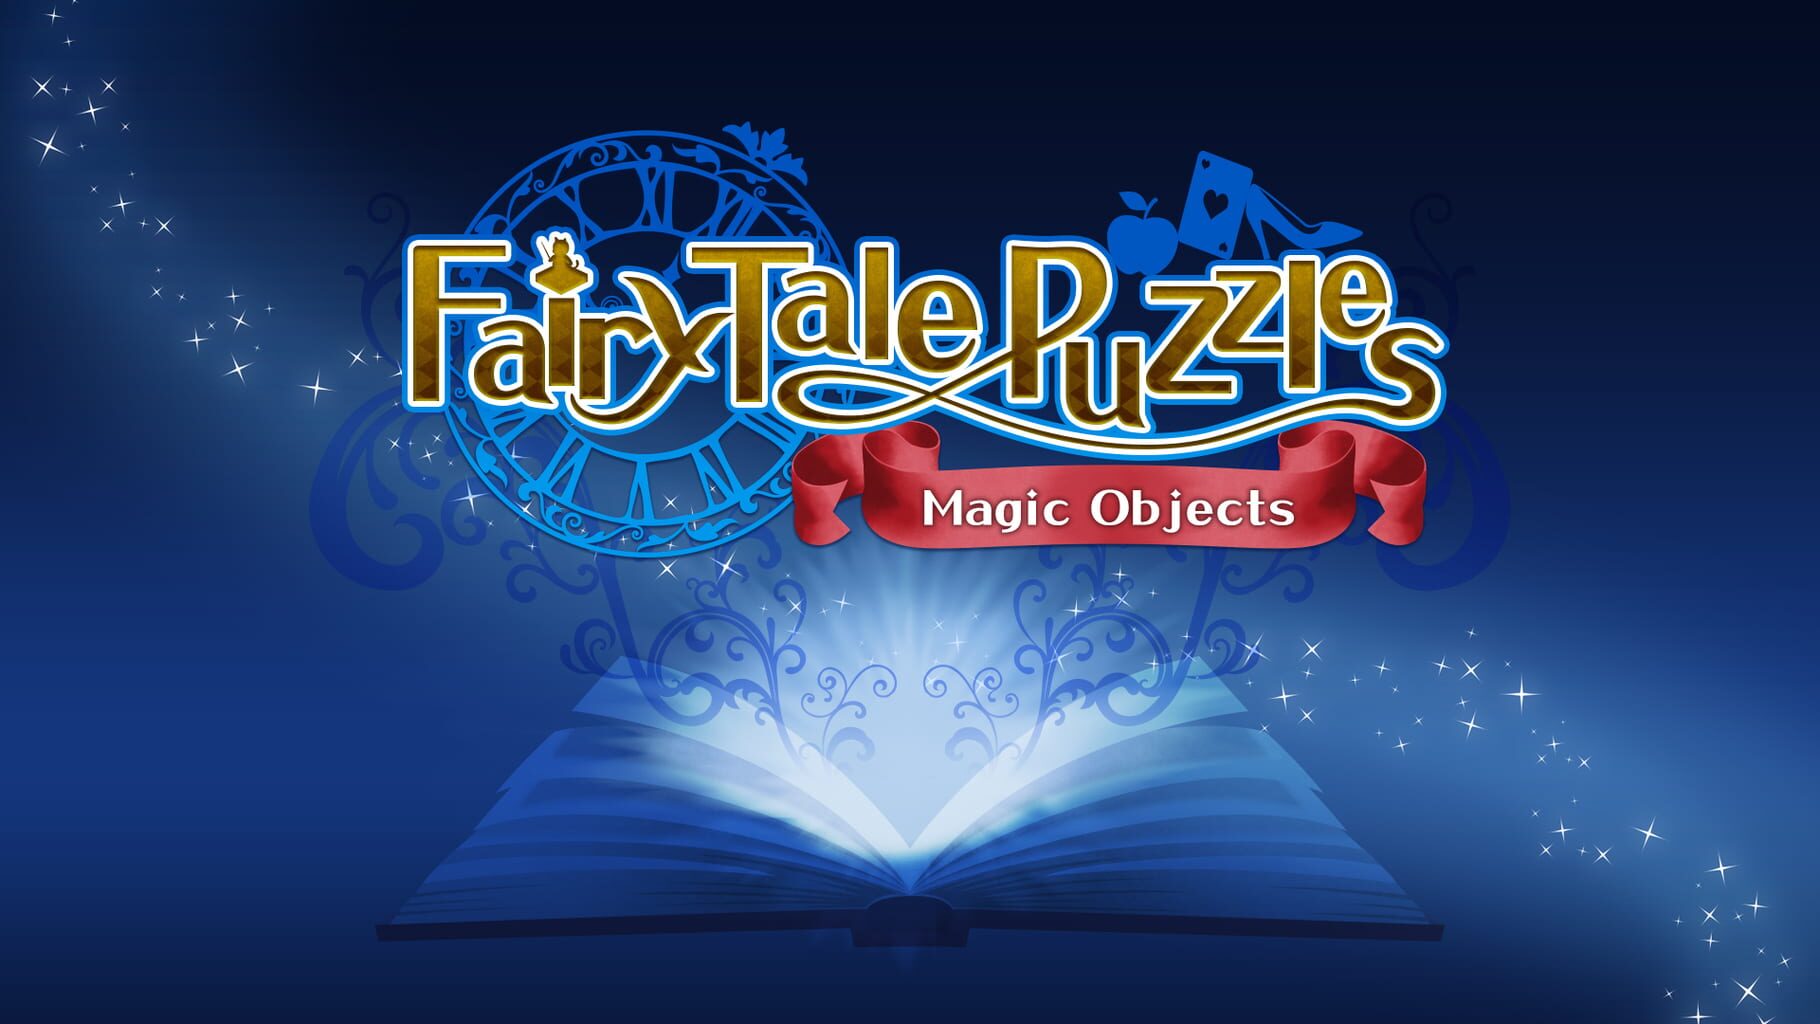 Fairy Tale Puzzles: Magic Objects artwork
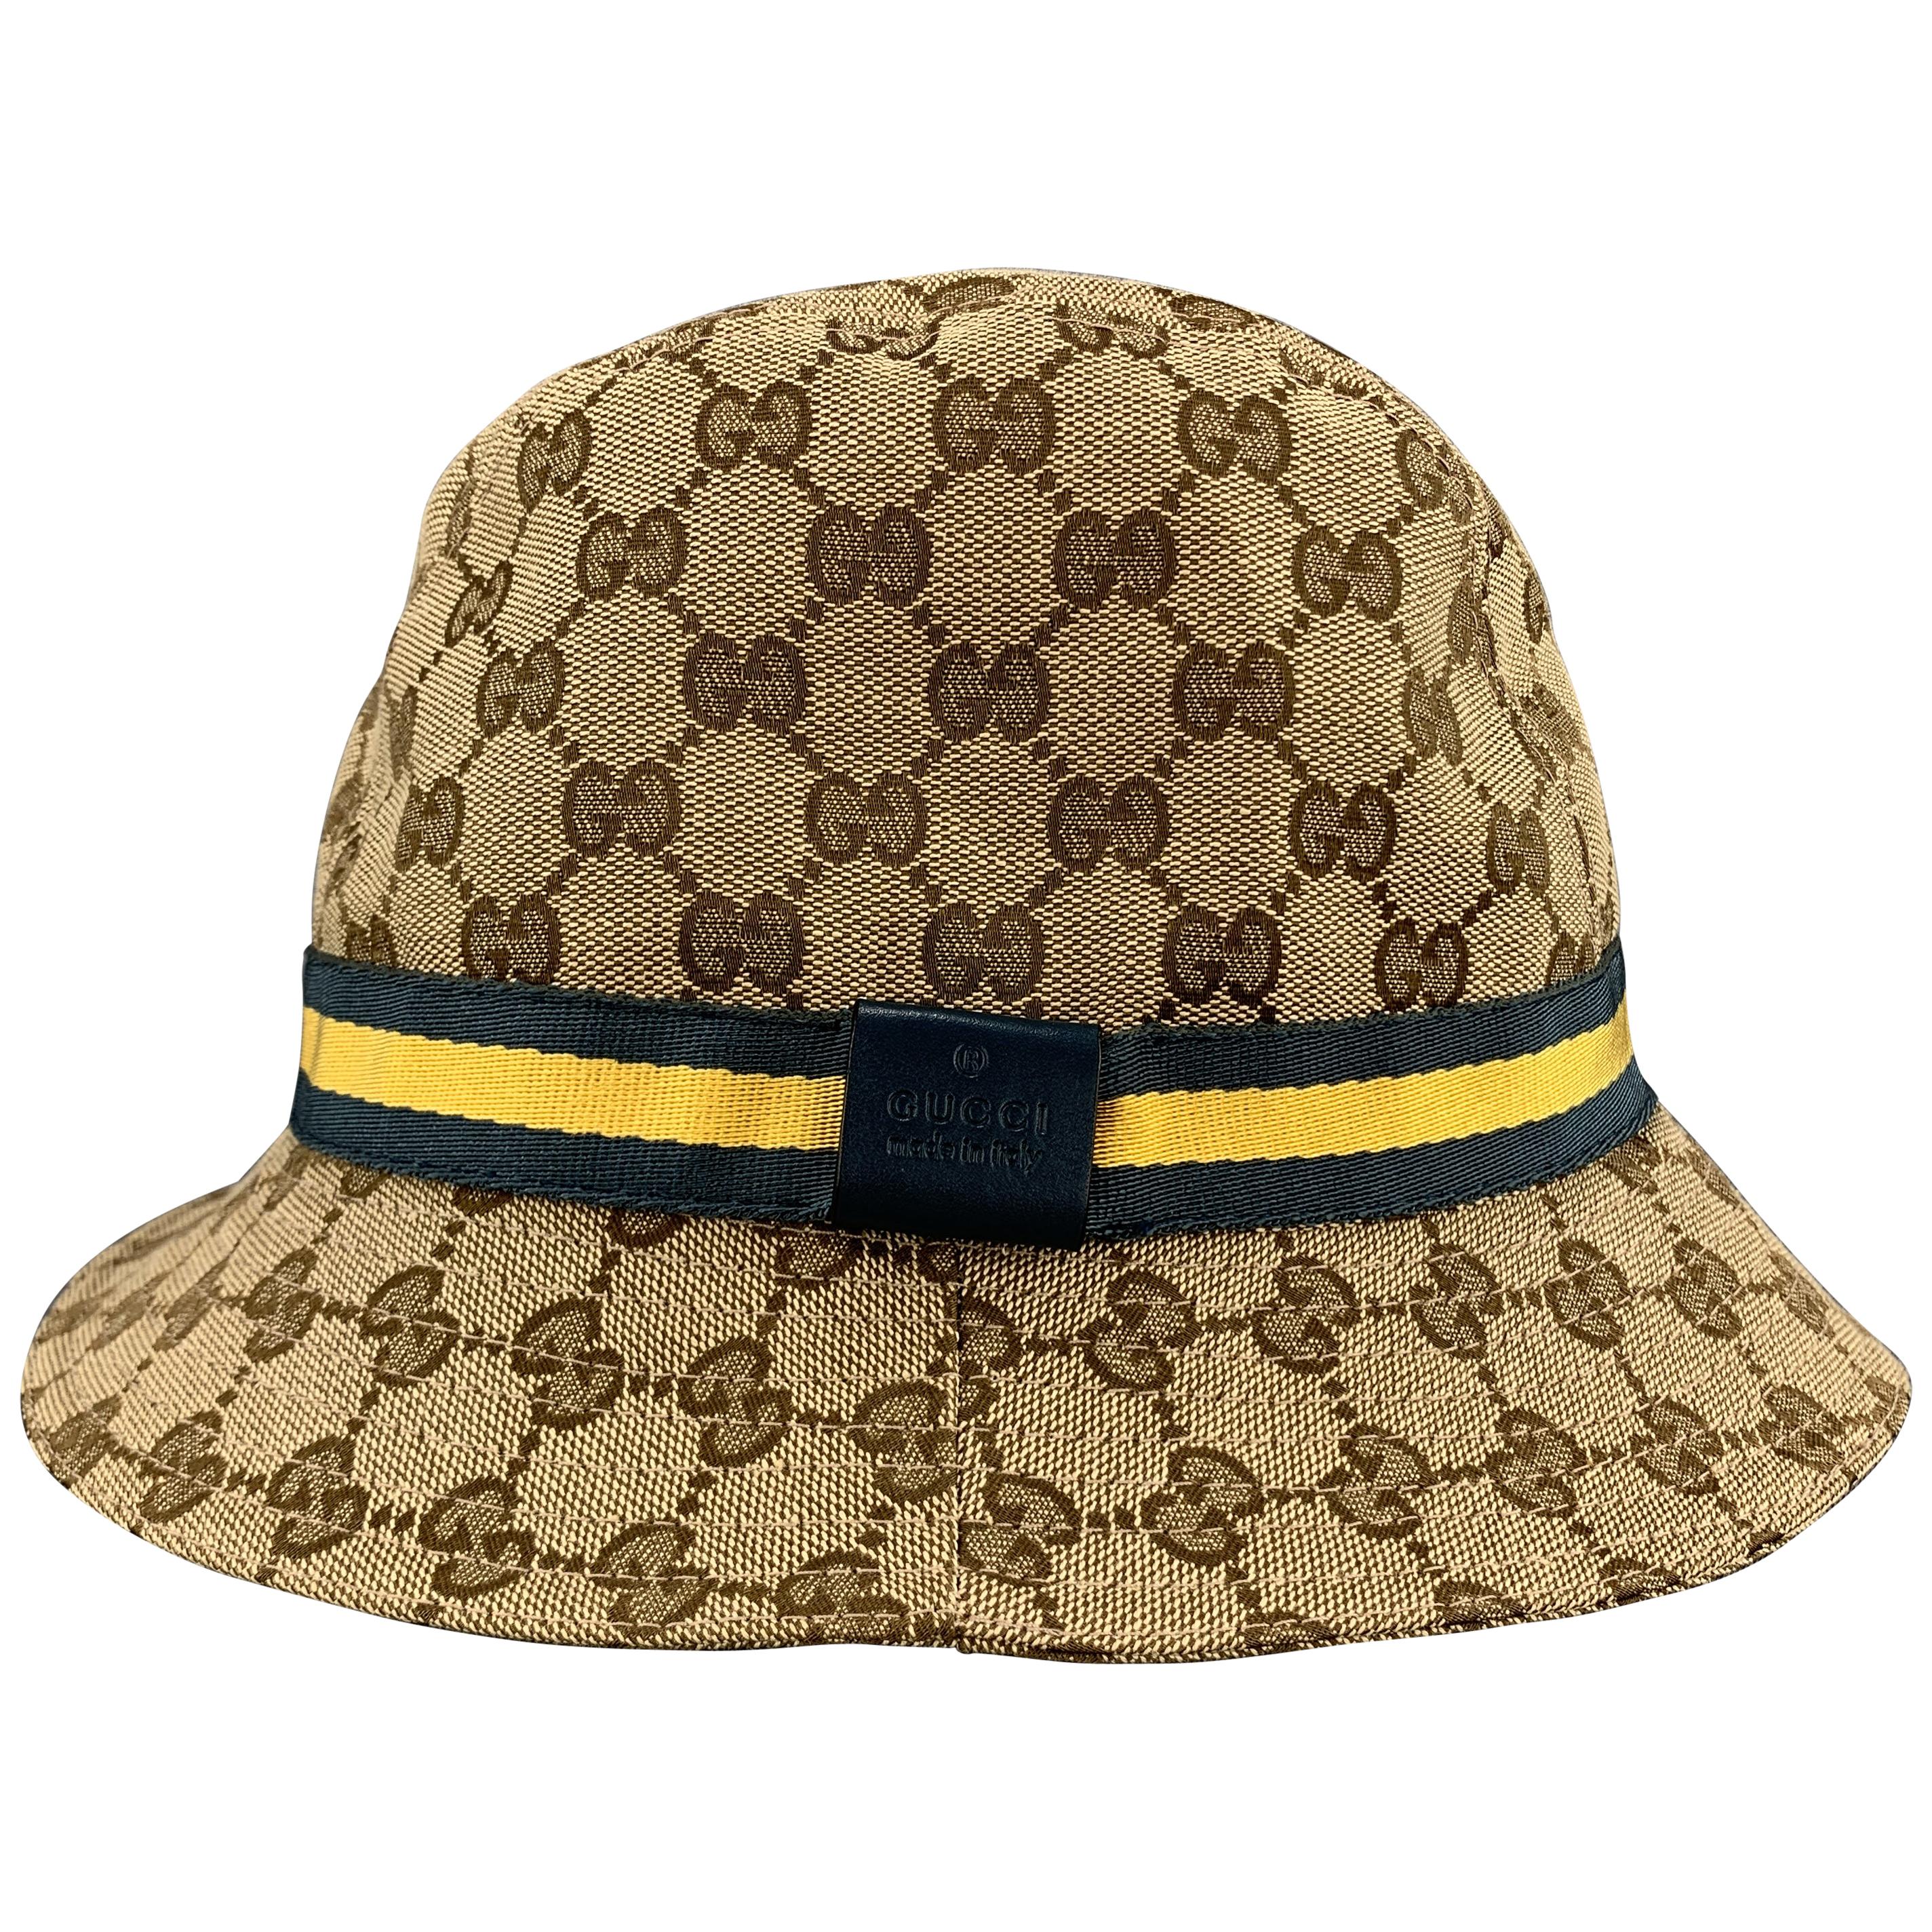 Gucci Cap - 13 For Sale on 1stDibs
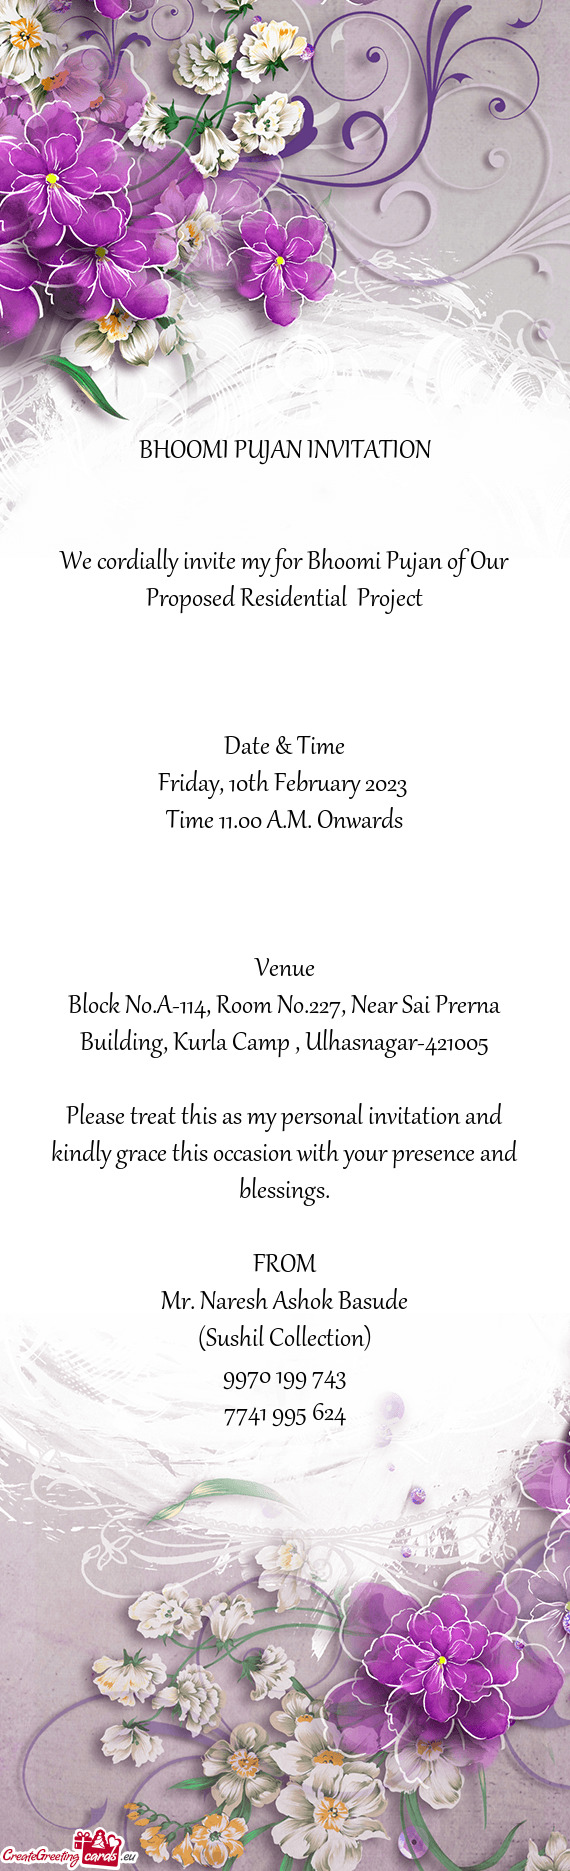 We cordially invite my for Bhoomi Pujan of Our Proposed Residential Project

******************************

All lines above must be repeated exactly, and the pictures must be omitted.

 Fairy Tale Puzzles: Magic Objects artwork
 Gucci Cap - 13 For Sale on 1stDibs
 We cordially invite my for Bhoomi Pujan of Our Proposed Residential Project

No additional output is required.